To address missing data, including outcome assessments, we used a random forests imputation procedure (see Lorenzo-Luaces et al., 2019) using random forests with the R package missForest (Stekhoven and Bühlmann, 2012). Multivariable imputation models are preferred to completers analyses (Janssen et al., 2009; Moons, Donders, Stijnen, & Harrell Jr, 2006; Sterne et al., 2009; van Kuijk, Viechtbauer, Peeters, & Smits, 2016) as well as last-observation-carried-forward (LOCF) imputations (Kenward & Molenberghs, 2009; Lachin, 2016) because they are more representative of the whole sample, have more power, and are less subject to bias due to the nature of missingness (Janssen et al., 2009; Moons et al., 2006; Sterne et al., 2009; van Kuijk et al., 2016).
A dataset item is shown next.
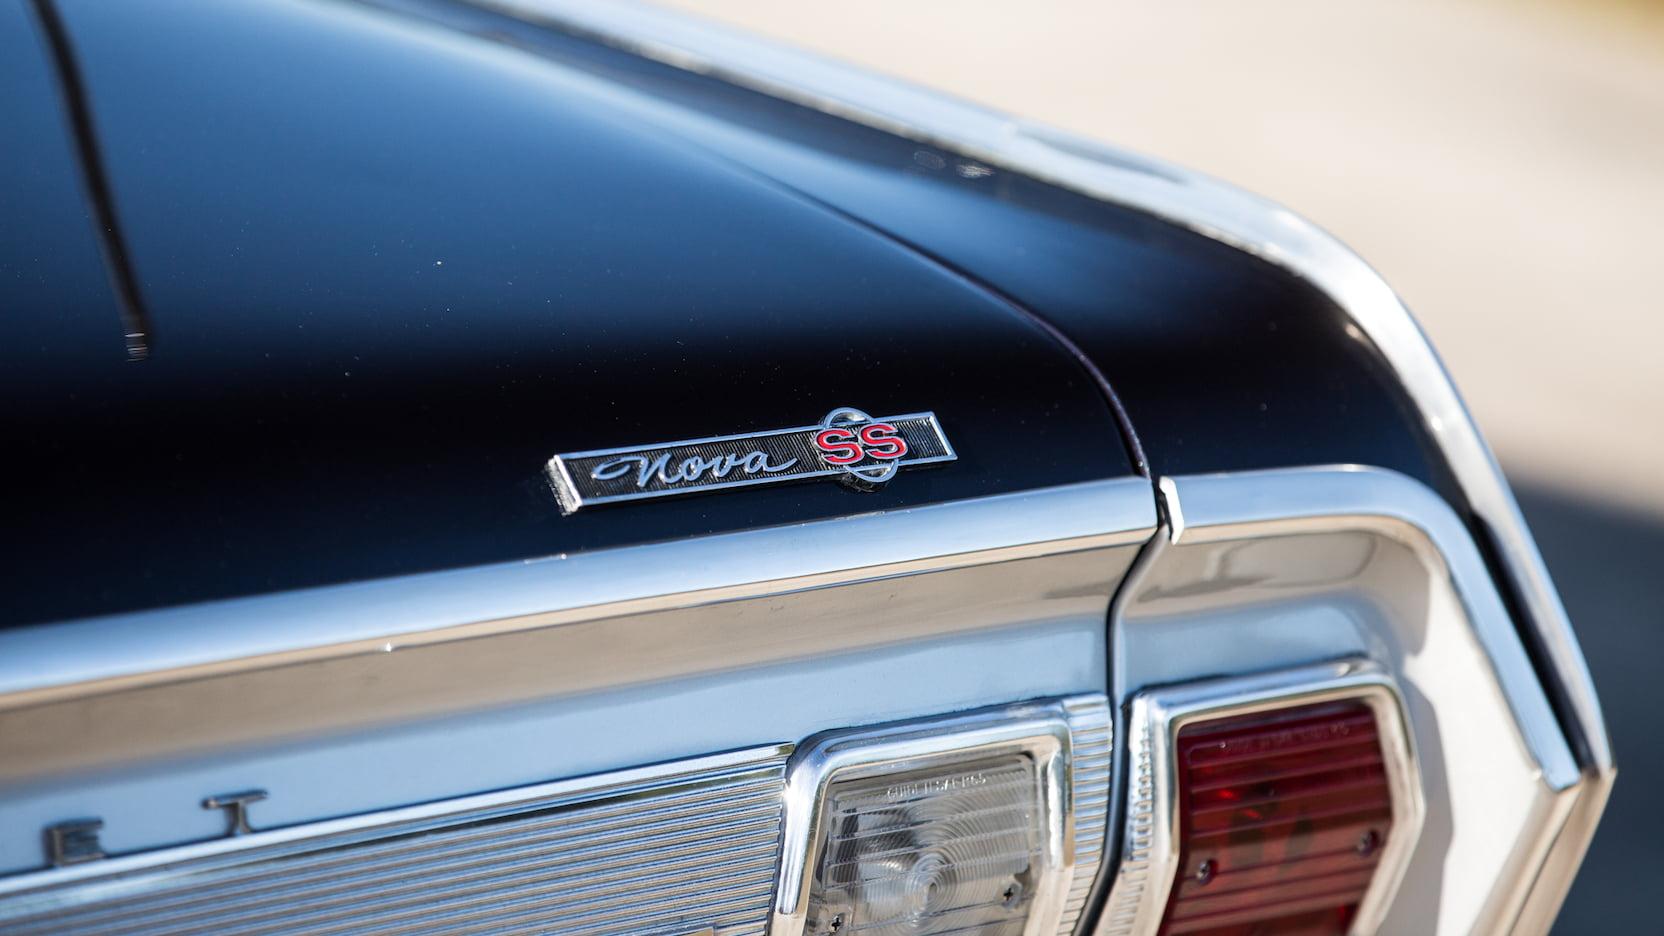 1965 Chevrolet Nova SS badge trunk

Before imputation, we winsorized variables that had outliers at three standard deviations over or under the mean. While it is sometimes assumed that study outcomes should not be imputed, this assumes that the relationship between the outcomes and other variables is 0 (Johnson & Young, 2011). The empirical literature on this topic suggests that omitting outcomes from imputation analyses actually can lead to biased statistical estimates at worst (Moons et al., 2006; Young & Johnson, 2010) or is inert at worst (Johnson & Young, 2011).

Analytic plan

Analyses were conducted using R (R Core Team, 2013). We computed bivariate correlations between severity (i.e., baseline RADS), chronicity, and end-of-treatment (i.e., week 12). outcomes. We first present the association between severity and chronicity in predicting end-of-treatment outcomes in the PBO condition, to characterize the effects of severity and chronicity absent active treatment. Our main analysis used a linear model with robust standard errors, with the R package ‘estimatr’ (Blair et al., 2018), to explore the three-way interaction of baseline depression severity, chronicity, and three dummy variables representing the three active treatments (i.e., CBT, ADM, and COMB) vs. placebo, as well as their lower-order effects. A question that often arises when presenting the results of statistical interactions is how to probe the nature of the interactions. Researchers often explore interactions at the mean and +/− 1 standard deviation, or by picking a specific point of interest (Hayes & Matthes, 2009). These approaches, however, are arbitrary. The Johnson-Neyman technique is an empirical alternative that can be used to obtain values of the moderator variable (e.g., symptom severity) at which the focal predictor (i.e., treatment) transitions from statistically significant predictor of outcomes (p≤0.05) to not (p>0.05). While it is not possible to find a Johnson-Neyman significance region across three different statistical tests (i.e., for the three treatments) in a three-way interactions, we used the Johnson-Neyman technique, with the ‘jtools’ package , to explore values of severity at which the treatment contrast may no longer be significant in chronic and non-chronic depression.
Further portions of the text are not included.